Let \(g(x) \) be the functional inverse of \(f(x)\).

Using knowledge about functional compositions, I can determine that \(f(g(x))=x\).

Taking the derivative of both sides...

\(\frac{d}{dx}(x)=\frac{d}{dx}(f(g(x)))\)

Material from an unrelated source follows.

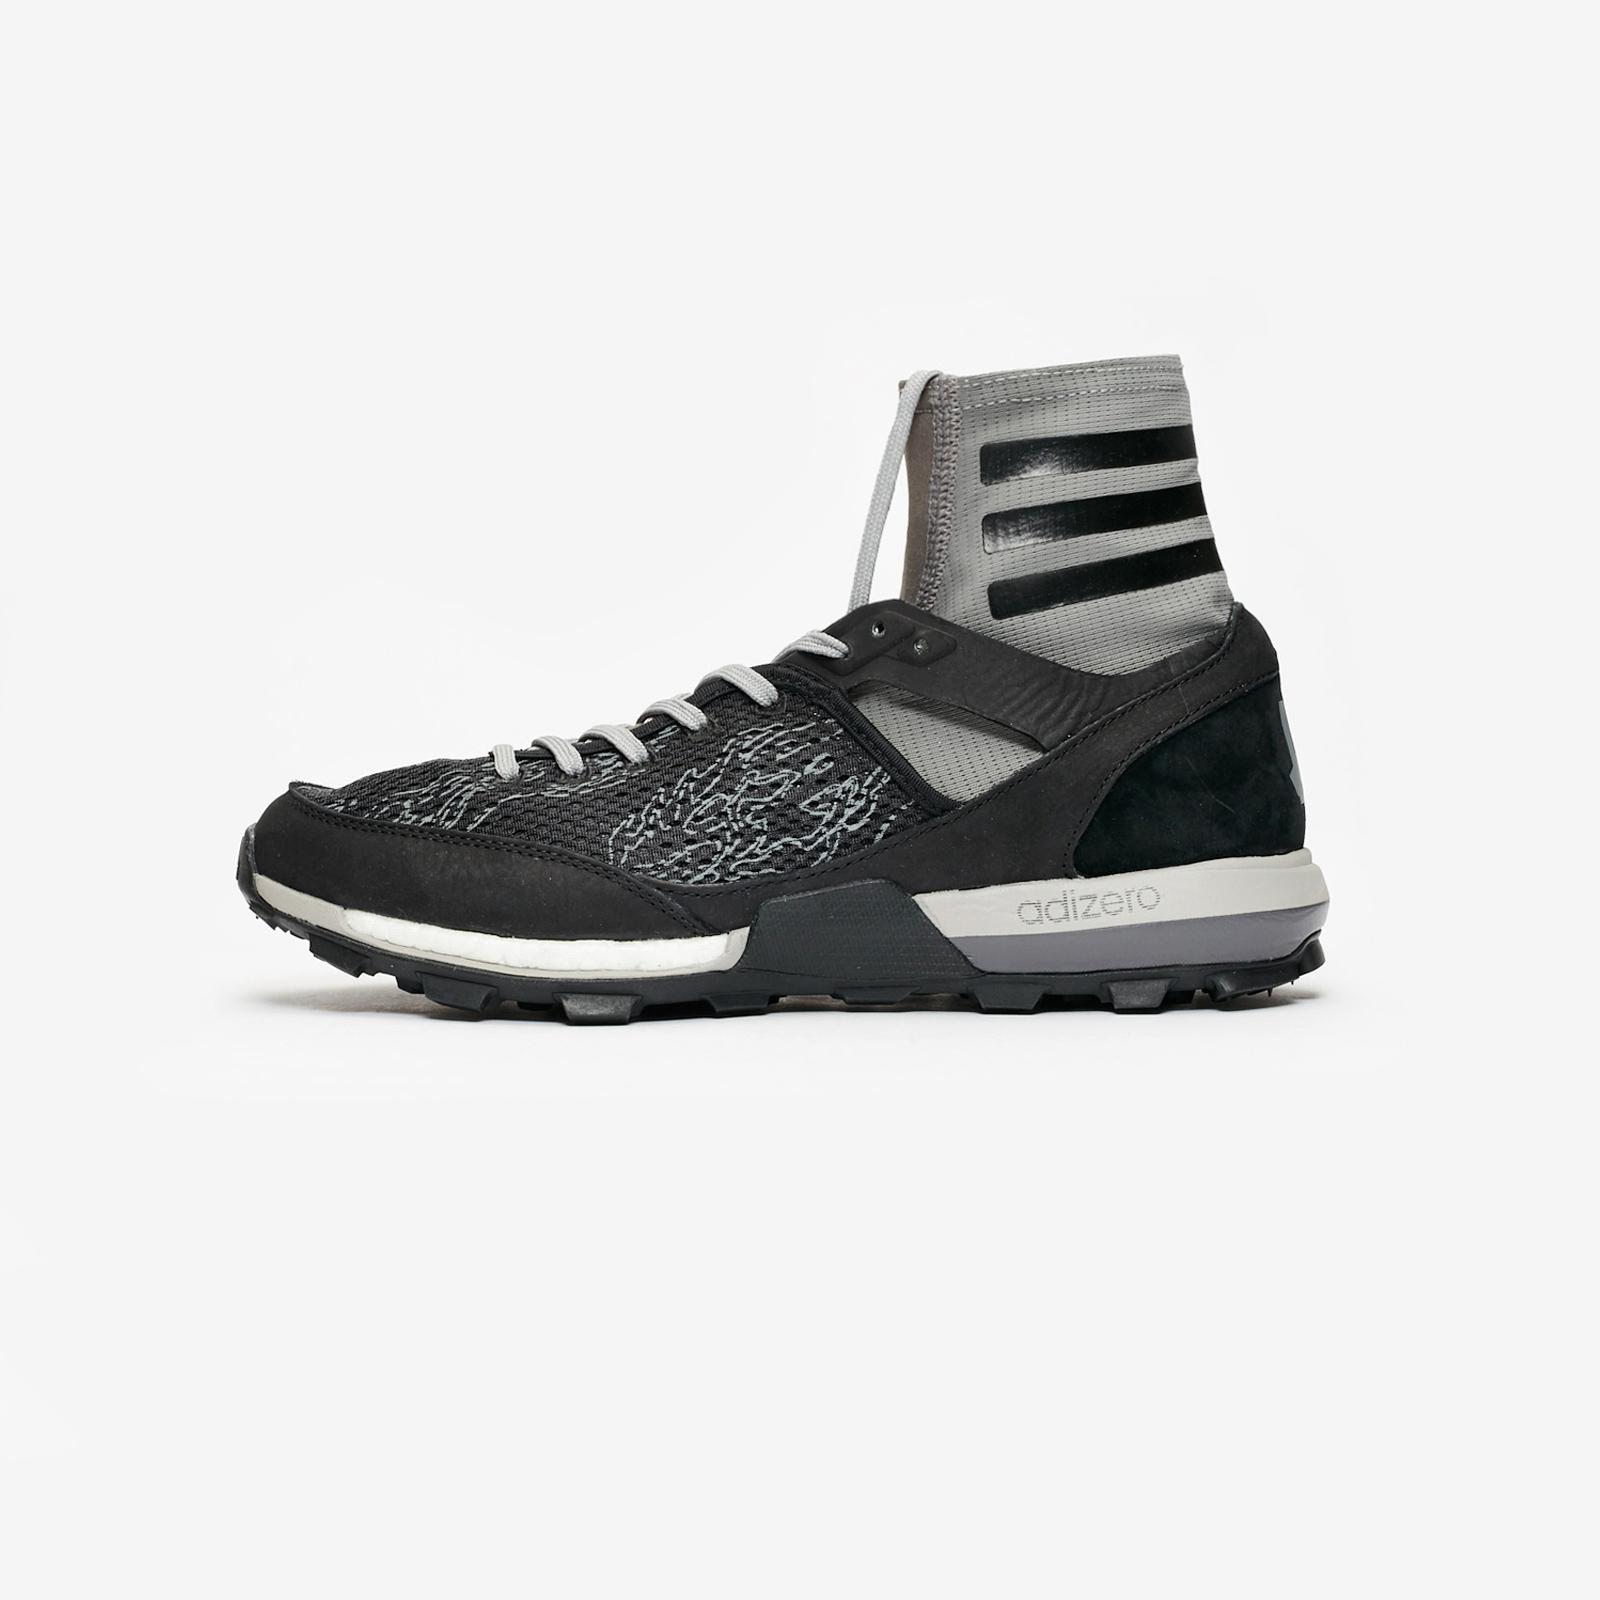 buy popular 087b0 51116 ... adidas Consortium Adizero XT Boost x UNDFTD ...
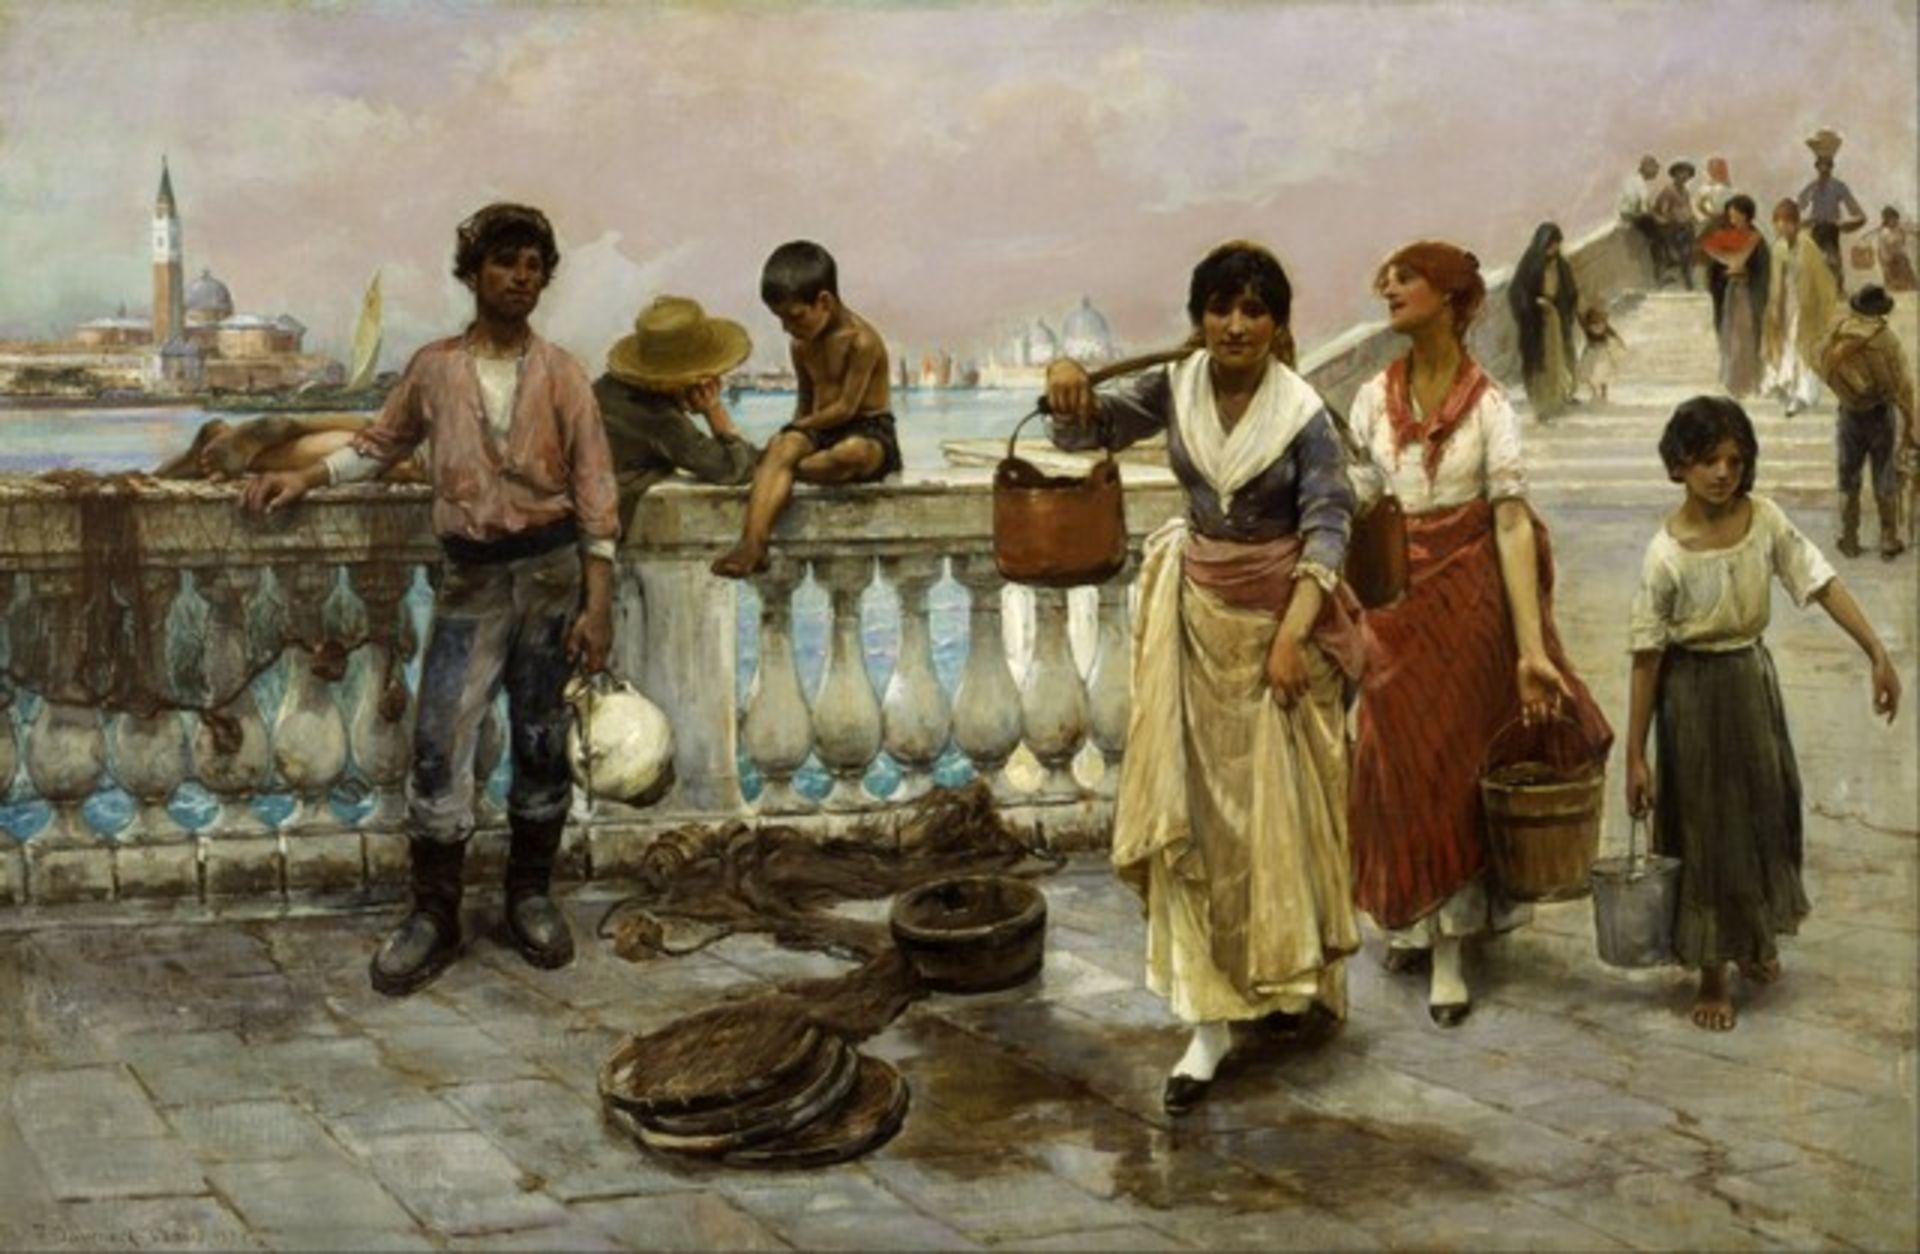 Frank Duveneck - Water Carriers, Venice - Image 2 of 2

Solving the derivatives...

\(1=f'(g(x))g'(x)\)

Dividing both sides by \(f'(g(x))\)...

\({f'(g(x))}^{-1}=g'(x)\)

\({f'(g(x))}^{-1}=g'(x)\) is a simple method that allows an indirect derivation of an inverse function.

Example problem:

\(f(x)={2}^{{x}^{2}}\)

\(f'(x)={2}^{{x}^{2}+1}x*ln(2)\)

\(g(x)=\sqrt{log_2(x)}\)

\(\frac{1}{{2}^{{\sqrt{log_2(x)}}^{2}+1}\sqrt{log_2(x)}*ln(2)}=\frac{1}{2*{2}^{log_2(x)}\sqrt{log_2(x)}*ln(2)}=\frac{1}{2x*ln(2)\sqrt{log_2(x)}}=\frac{1}{2x\sqrt{ln(2)*ln(x)}}\)

Now checking the actual derivative of the function I get \(g'(x)=\frac{1}{2x\sqrt{ln(2)*ln(x)}}\)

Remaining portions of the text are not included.